**Task to complete**
The answer consists solely of the lines running from the one with "Garcia Herren T-Shirt" through the final line below, transcribed exactly and without any pictures.

**Collected material**
○ ○ ○ ○ ○ ○ ○

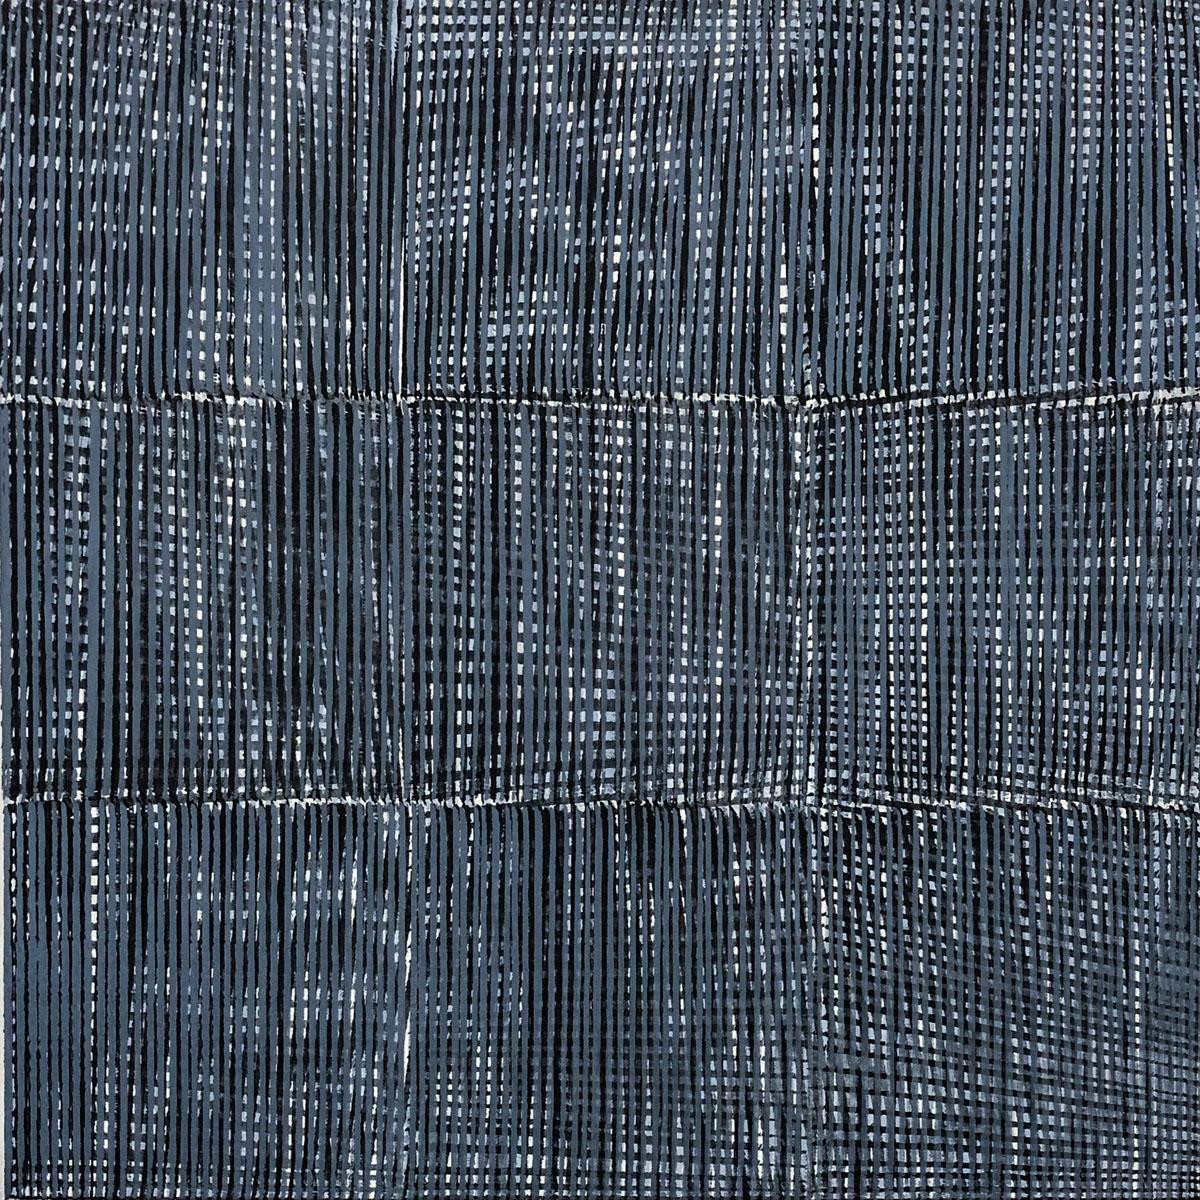 Nikola Dimitrov, Allegorie II/III 2013, Pigmente, Bindemittel auf Leinwand, 60 × 60 cm
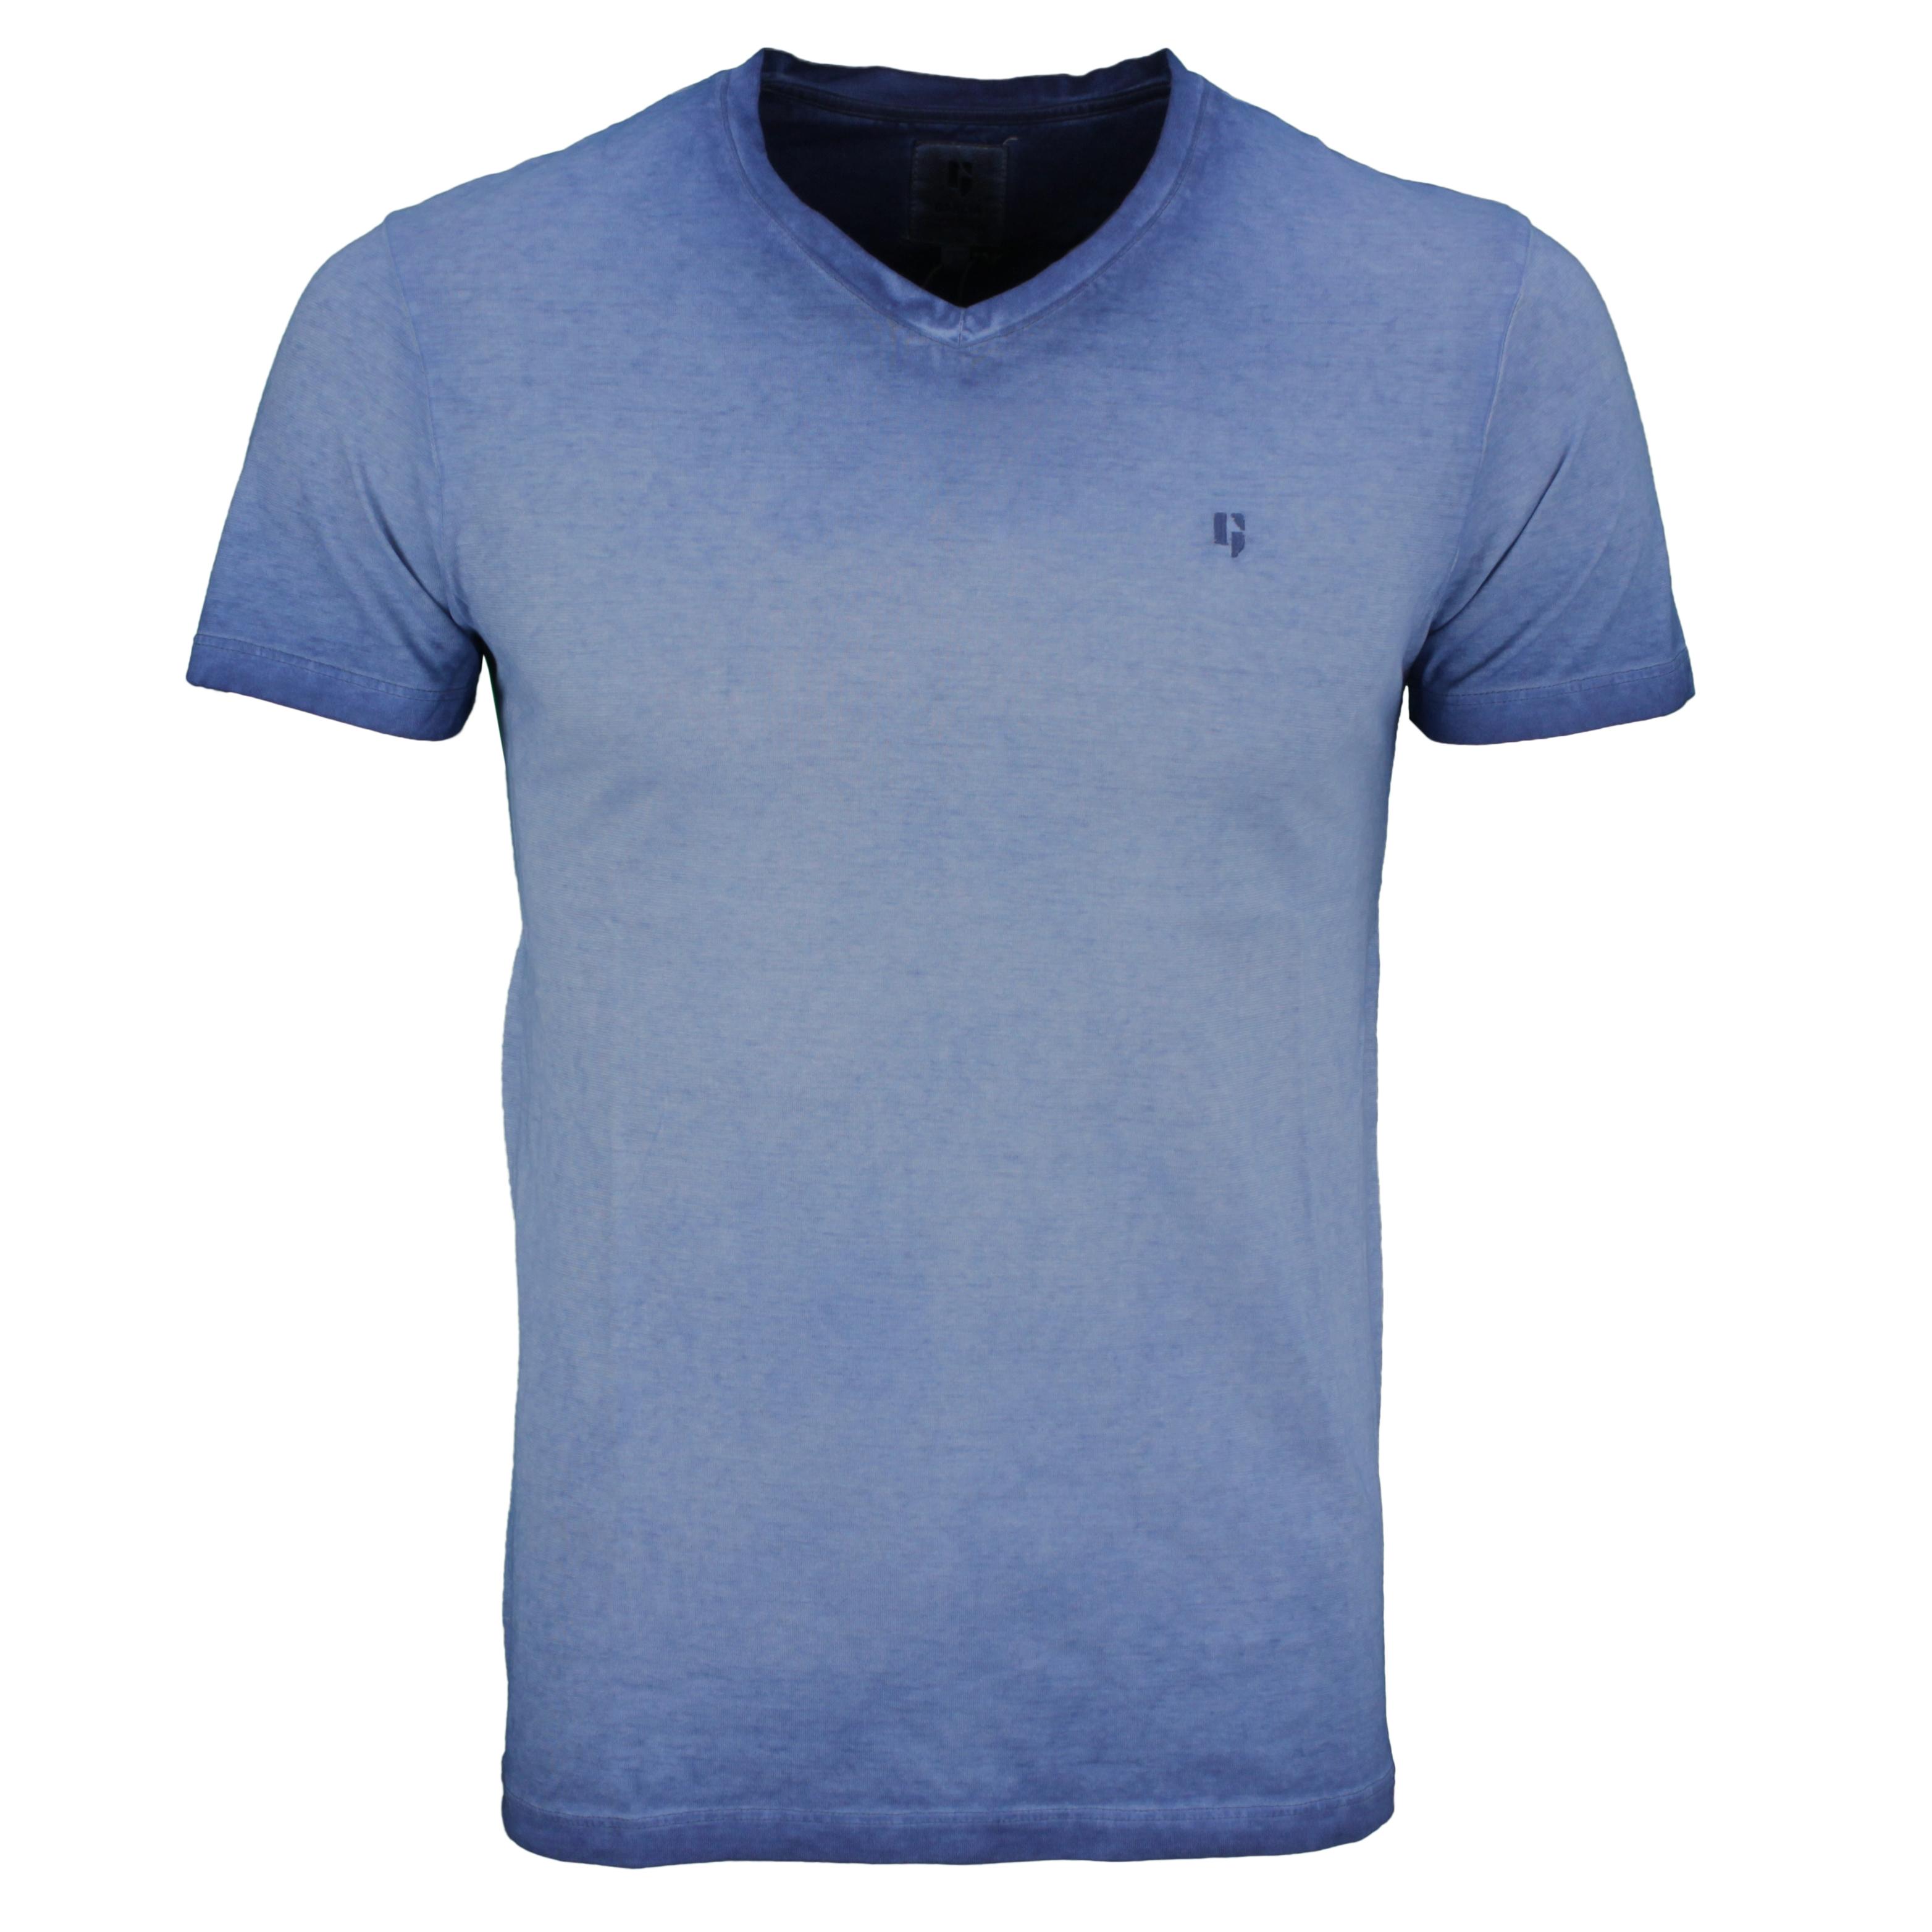 Garcia Herren T-Shirt Shirt kurzarm blau Used Look E11020 6632 imperial blue
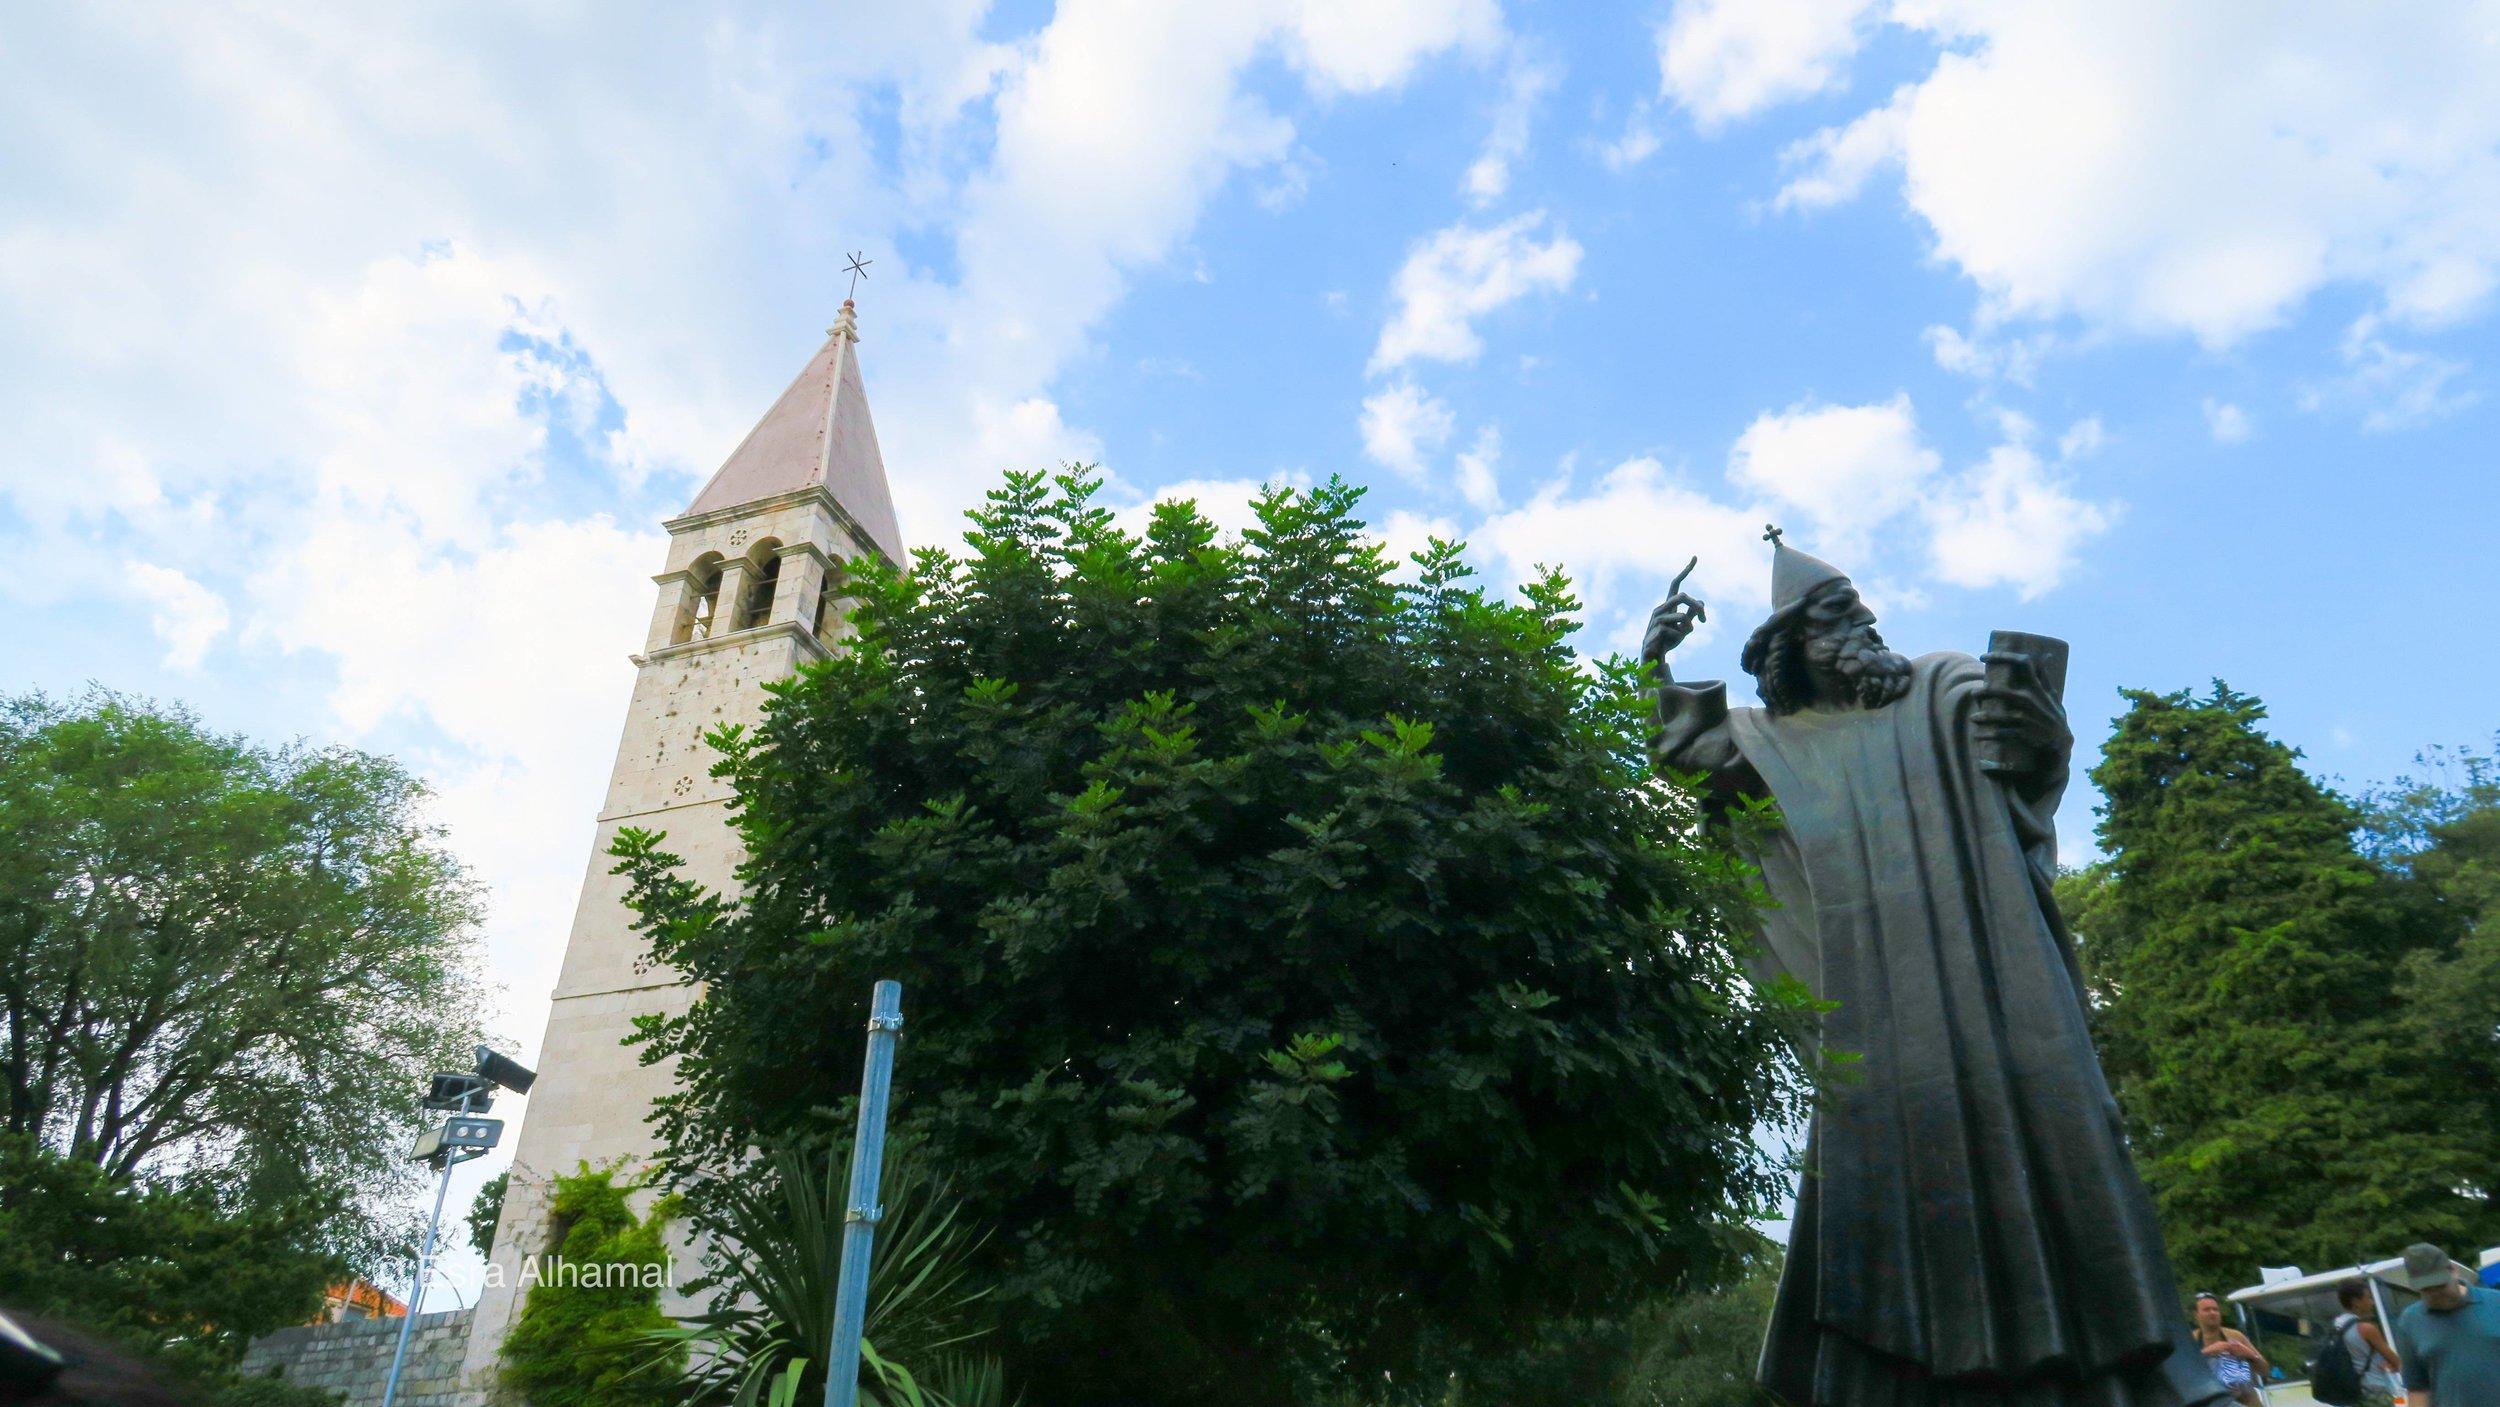 Statue of Grgur Ninski

○ ○ ○ ○ ○ ○ ○

**Response area**
 Garcia Herren T-Shirt Shirt kurzarm blau Used Look E11020 6632 imperial blue
 Statue of Grgur Ninski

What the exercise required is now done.